Work instruction
All lines from the one with "Best outdoor ceiling light fixtures ideas" through the close of the records below are to be set down exactly, and no others.

Saved data entries
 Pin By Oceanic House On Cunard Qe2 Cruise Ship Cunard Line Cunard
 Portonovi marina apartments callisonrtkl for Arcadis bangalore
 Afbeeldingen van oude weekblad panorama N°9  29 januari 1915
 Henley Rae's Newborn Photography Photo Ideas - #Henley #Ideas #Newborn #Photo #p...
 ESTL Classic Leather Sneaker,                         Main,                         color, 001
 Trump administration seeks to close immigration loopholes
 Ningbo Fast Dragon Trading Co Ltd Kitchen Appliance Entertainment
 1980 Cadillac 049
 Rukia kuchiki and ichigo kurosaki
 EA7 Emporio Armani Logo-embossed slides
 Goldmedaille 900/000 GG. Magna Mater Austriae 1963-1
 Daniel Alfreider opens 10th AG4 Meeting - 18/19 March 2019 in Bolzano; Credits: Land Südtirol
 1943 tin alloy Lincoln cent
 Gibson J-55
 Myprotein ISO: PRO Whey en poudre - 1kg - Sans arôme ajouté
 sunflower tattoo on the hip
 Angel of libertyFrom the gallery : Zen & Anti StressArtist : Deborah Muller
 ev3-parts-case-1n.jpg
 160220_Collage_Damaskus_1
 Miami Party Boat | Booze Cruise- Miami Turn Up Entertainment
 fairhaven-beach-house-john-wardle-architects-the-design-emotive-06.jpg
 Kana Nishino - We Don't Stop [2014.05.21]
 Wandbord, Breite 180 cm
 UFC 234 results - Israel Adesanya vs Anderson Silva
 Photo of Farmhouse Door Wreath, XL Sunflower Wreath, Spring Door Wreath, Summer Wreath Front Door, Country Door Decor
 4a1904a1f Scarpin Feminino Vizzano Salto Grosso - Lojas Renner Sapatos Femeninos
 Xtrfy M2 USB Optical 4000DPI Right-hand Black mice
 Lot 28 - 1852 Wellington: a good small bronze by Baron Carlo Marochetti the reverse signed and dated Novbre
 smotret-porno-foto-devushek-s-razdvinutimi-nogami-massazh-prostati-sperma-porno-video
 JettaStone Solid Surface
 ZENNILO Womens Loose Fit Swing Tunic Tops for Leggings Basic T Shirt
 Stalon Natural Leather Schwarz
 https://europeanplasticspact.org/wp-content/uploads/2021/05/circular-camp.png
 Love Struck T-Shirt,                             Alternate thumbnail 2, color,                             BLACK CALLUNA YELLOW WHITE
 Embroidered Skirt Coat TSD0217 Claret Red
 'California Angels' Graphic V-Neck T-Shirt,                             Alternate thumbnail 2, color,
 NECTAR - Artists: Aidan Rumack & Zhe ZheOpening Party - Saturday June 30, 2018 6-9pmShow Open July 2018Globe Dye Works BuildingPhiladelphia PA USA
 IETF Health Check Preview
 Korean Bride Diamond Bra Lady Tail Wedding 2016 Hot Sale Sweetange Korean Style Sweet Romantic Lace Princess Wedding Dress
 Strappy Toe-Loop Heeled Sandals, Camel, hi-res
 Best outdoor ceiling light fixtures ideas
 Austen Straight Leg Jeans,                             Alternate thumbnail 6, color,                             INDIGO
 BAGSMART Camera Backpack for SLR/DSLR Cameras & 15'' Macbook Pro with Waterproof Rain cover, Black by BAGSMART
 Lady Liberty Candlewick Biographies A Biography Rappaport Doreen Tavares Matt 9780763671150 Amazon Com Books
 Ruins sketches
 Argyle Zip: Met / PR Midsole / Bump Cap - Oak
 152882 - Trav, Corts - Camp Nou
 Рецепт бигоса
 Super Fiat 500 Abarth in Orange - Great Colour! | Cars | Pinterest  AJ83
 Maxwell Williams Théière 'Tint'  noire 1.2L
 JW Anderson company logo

The completed task
 Best outdoor ceiling light fixtures ideas
 Austen Straight Leg Jeans,                             Alternate thumbnail 6, color,                             INDIGO
 BAGSMART Camera Backpack for SLR/DSLR Cameras & 15'' Macbook Pro with Waterproof Rain cover, Black by BAGSMART
 Lady Liberty Candlewick Biographies A Biography Rappaport Doreen Tavares Matt 9780763671150 Amazon Com Books
 Ruins sketches
 Argyle Zip: Met / PR Midsole / Bump Cap - Oak
 152882 - Trav, Corts - Camp Nou
 Рецепт бигоса
 Super Fiat 500 Abarth in Orange - Great Colour! | Cars | Pinterest  AJ83
 Maxwell Williams Théière 'Tint'  noire 1.2L
 JW Anderson company logo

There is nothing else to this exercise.